* Provided material:
━━━━━━
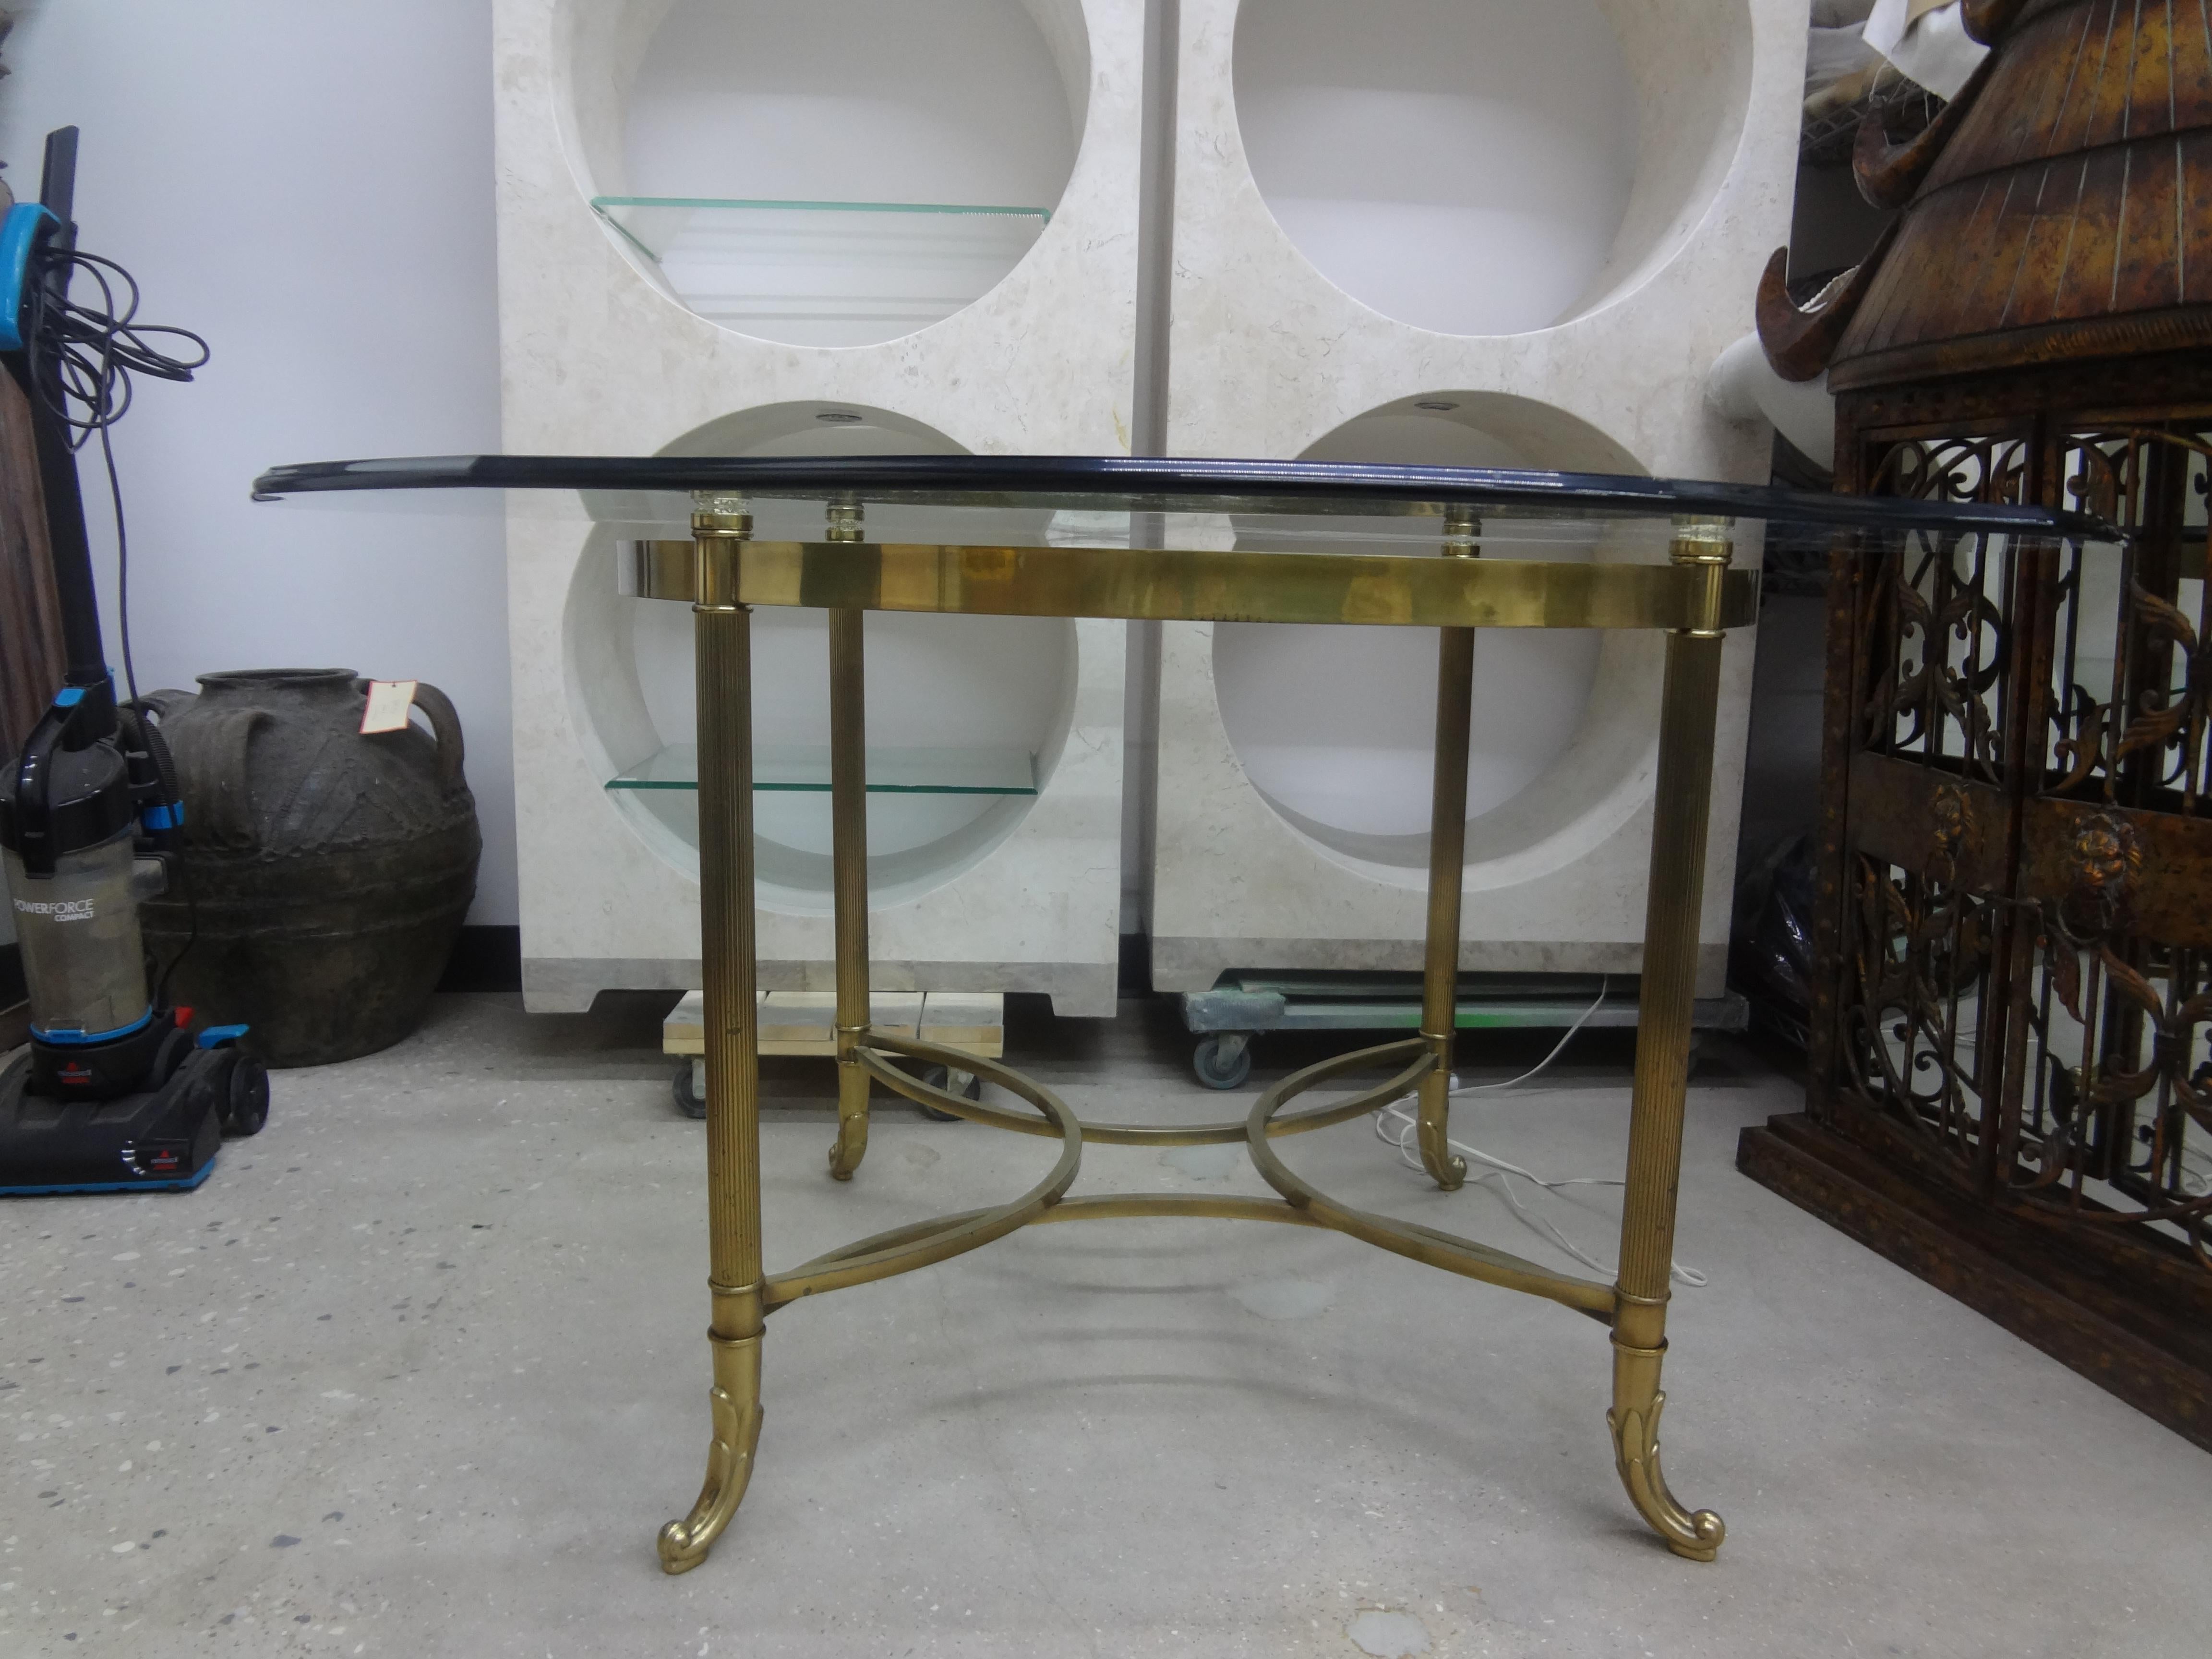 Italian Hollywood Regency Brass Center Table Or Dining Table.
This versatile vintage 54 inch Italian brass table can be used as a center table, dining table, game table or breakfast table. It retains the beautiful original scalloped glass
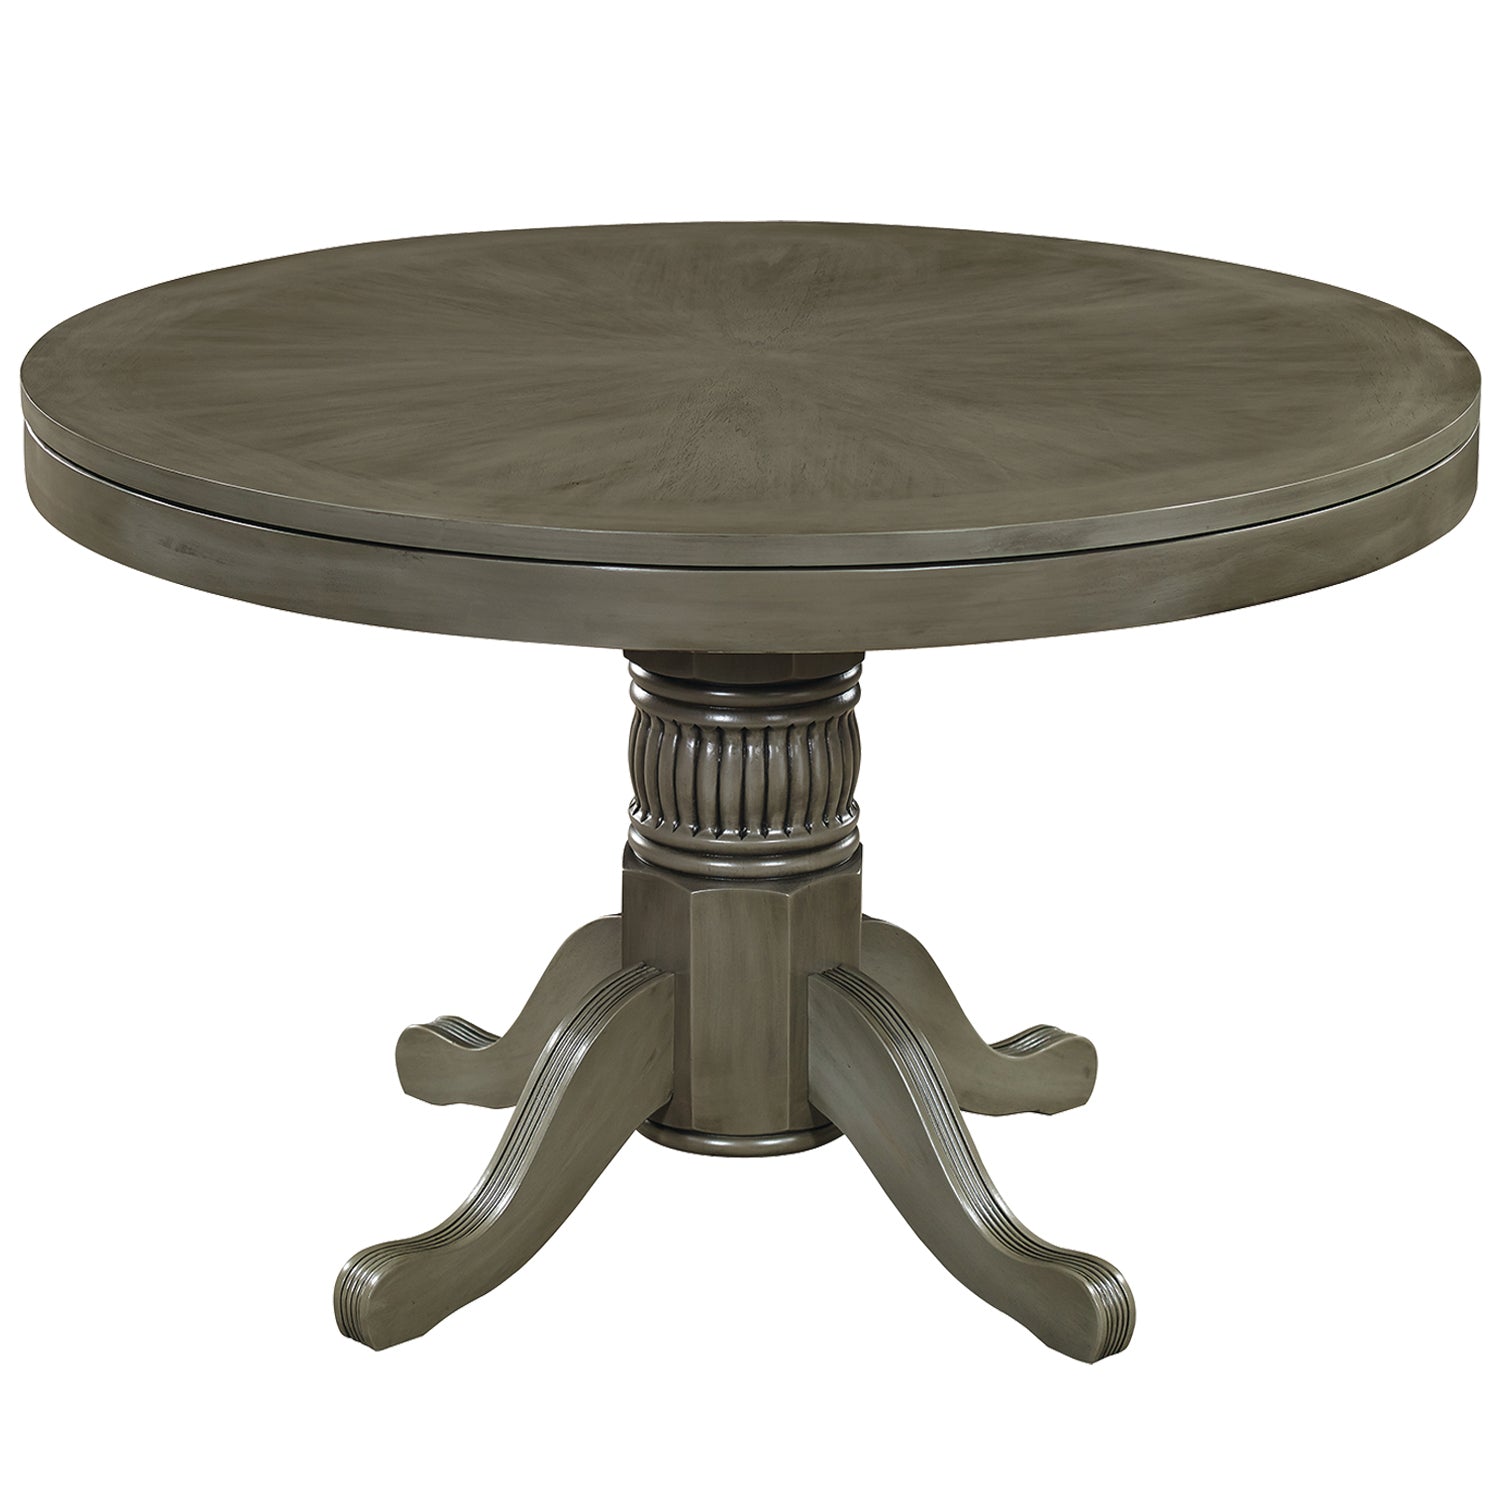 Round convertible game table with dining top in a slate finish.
━━━━━━
* Description of the task:
Retype precisely, and only, the lines from the one holding "This versatile vintage" through the final line of the data above, with the pictures omitted.

* Answer box:
This versatile vintage 54 inch Italian brass table can be used as a center table, dining table, game table or breakfast table. It retains the beautiful original scalloped glass
 Round convertible game table with dining top in a slate finish.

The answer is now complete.